The task →
Transcribe only the part of the material below that begins at the line containing "Cardi B Says" and ends at the line containing "Авточехлы Renault Logan", with both kept and images left out.

Provided records →
BEGIN

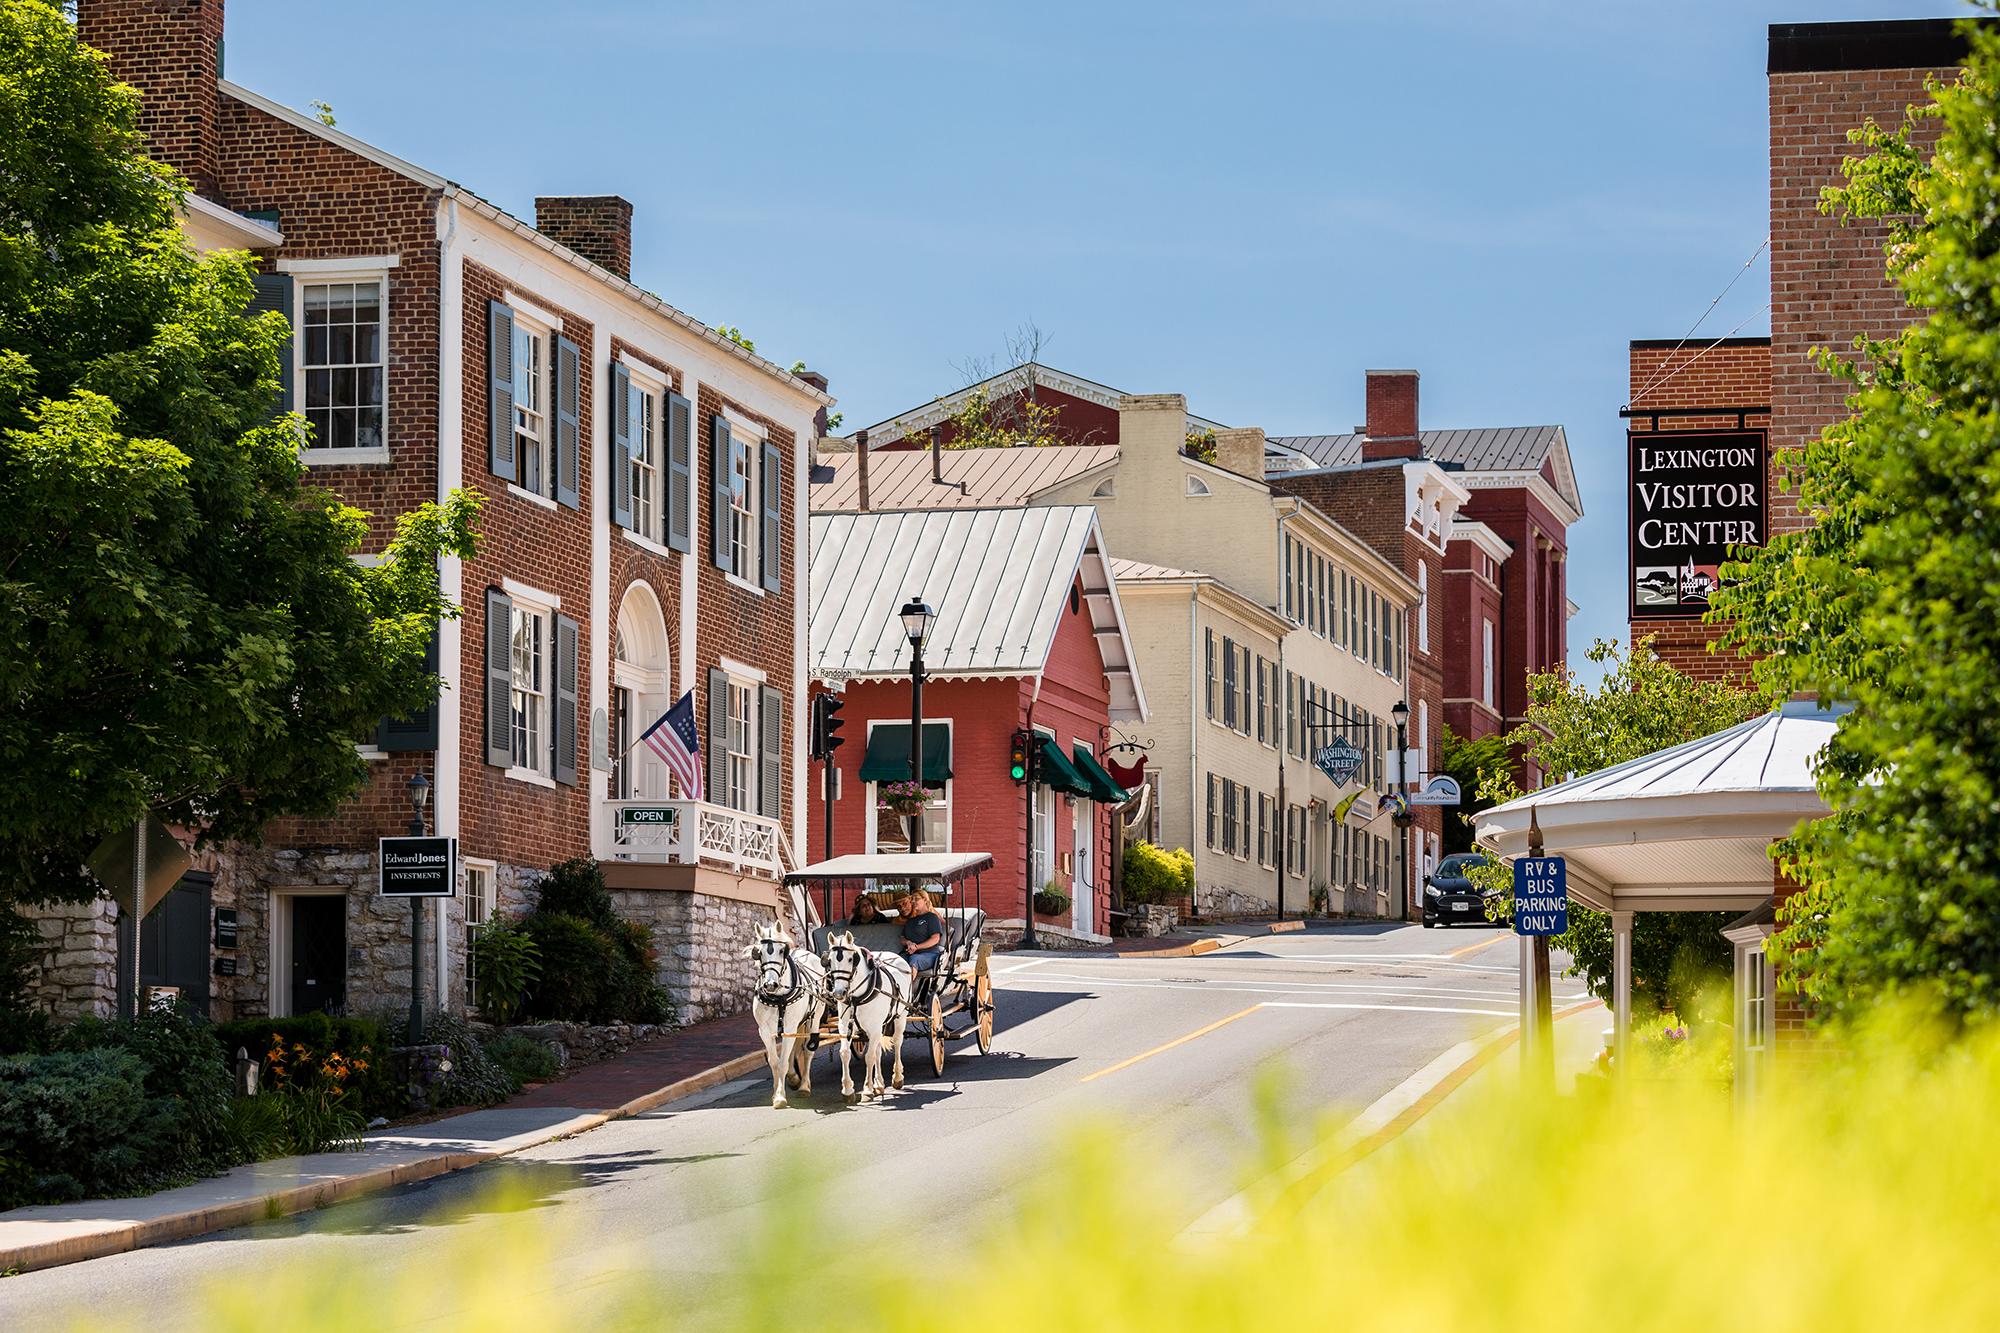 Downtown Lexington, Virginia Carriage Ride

END
BEGIN

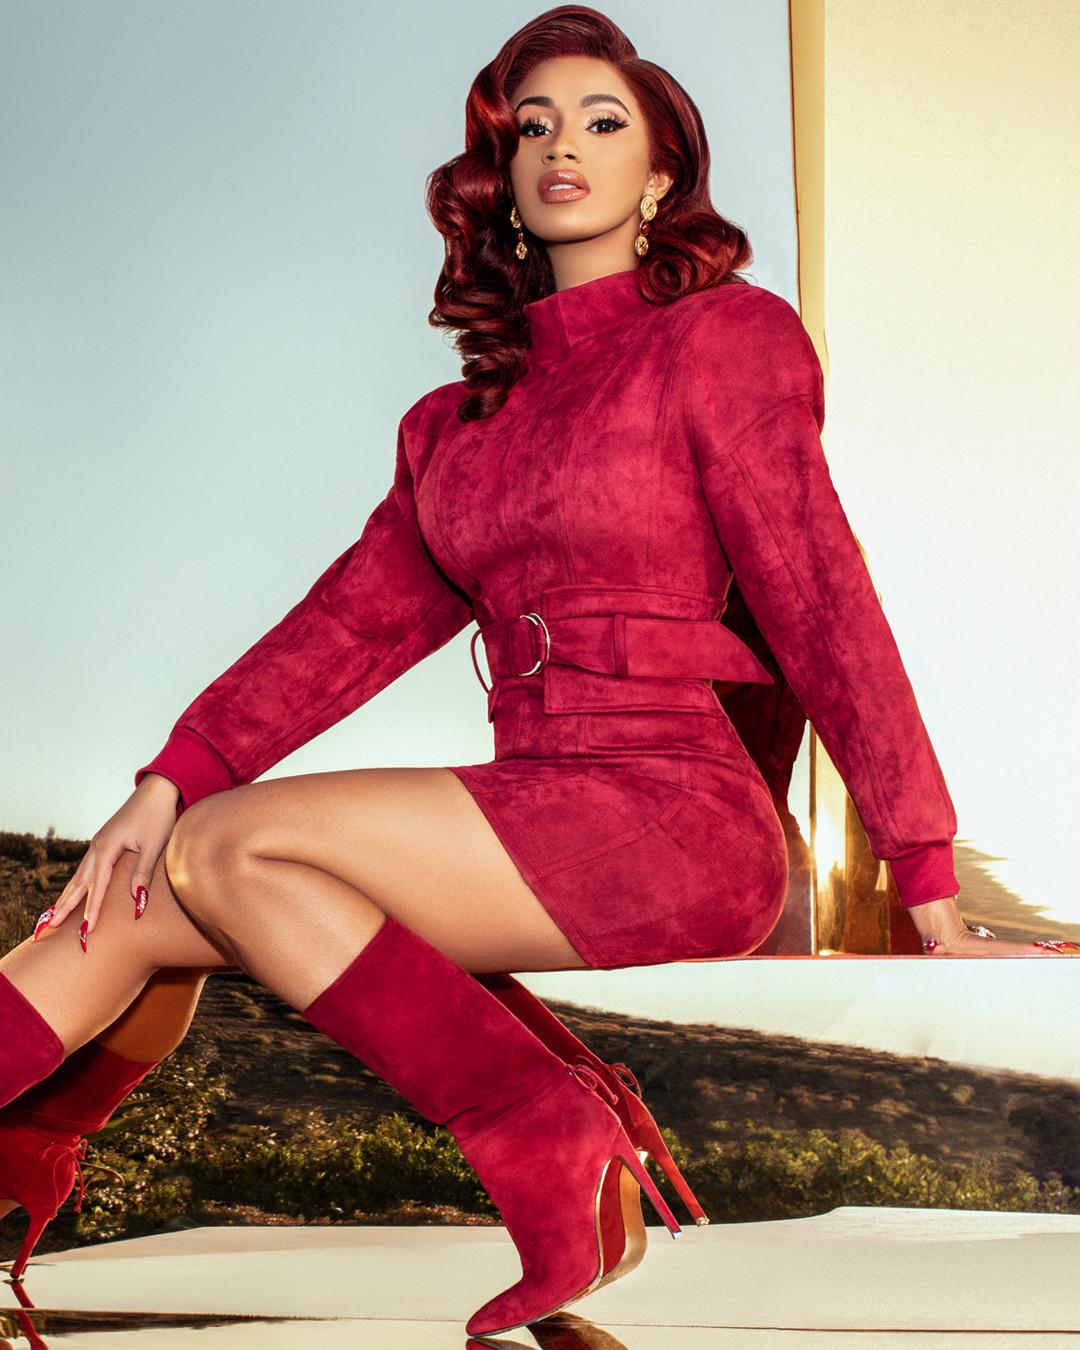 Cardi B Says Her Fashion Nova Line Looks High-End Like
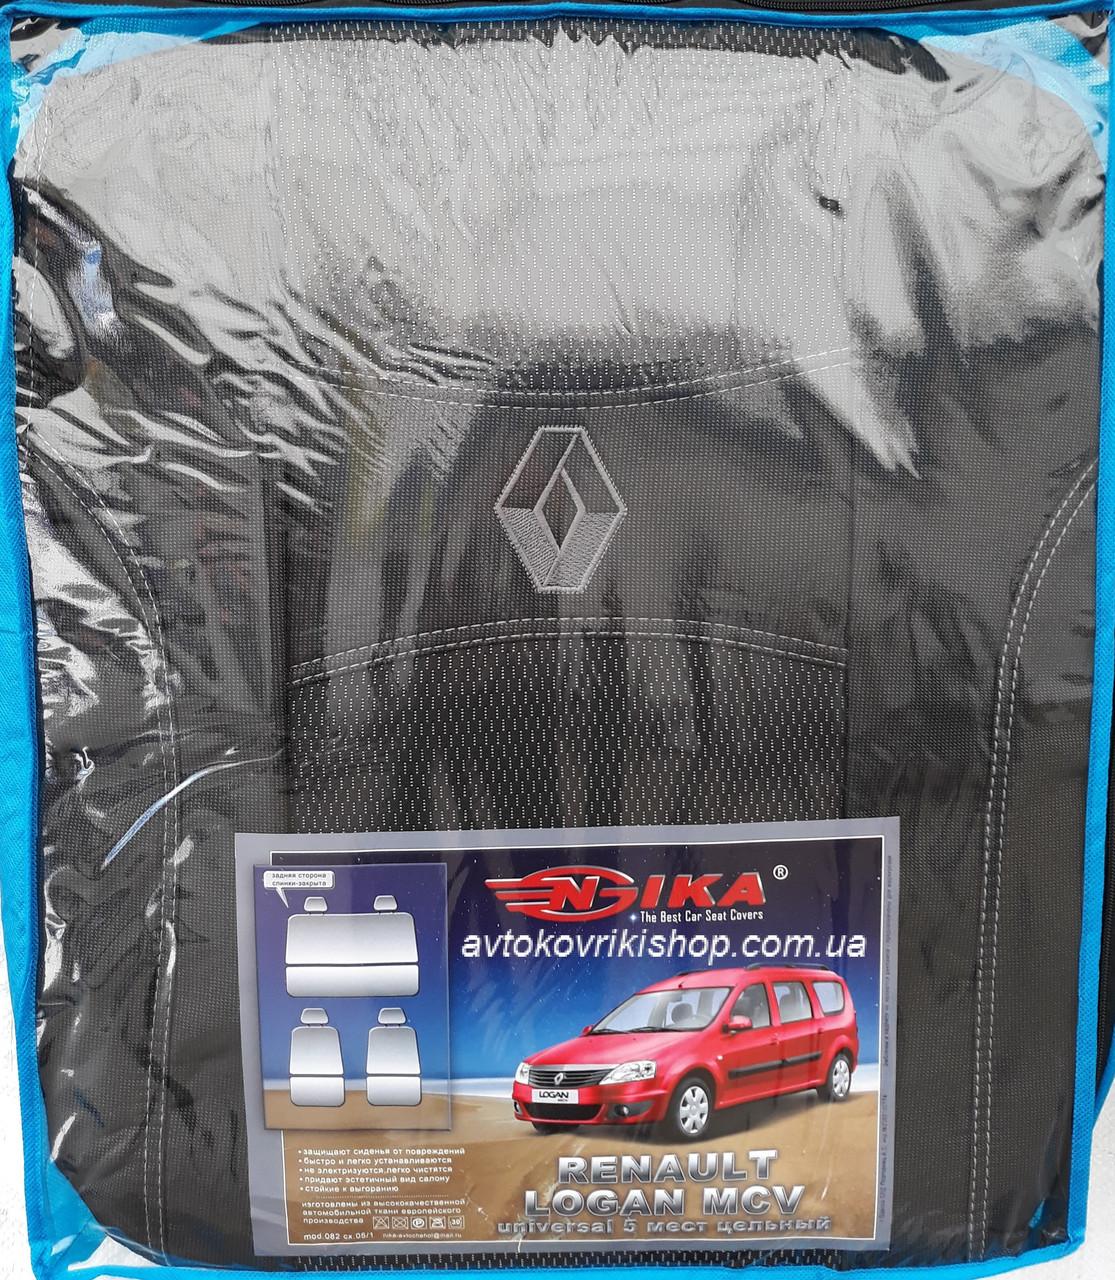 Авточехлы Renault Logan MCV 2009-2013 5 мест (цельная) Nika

END

Answer to the problem →
 Cardi B Says Her Fashion Nova Line Looks High-End Like
 Авточехлы Renault Logan MCV 2009-2013 5 мест (цельная) Nika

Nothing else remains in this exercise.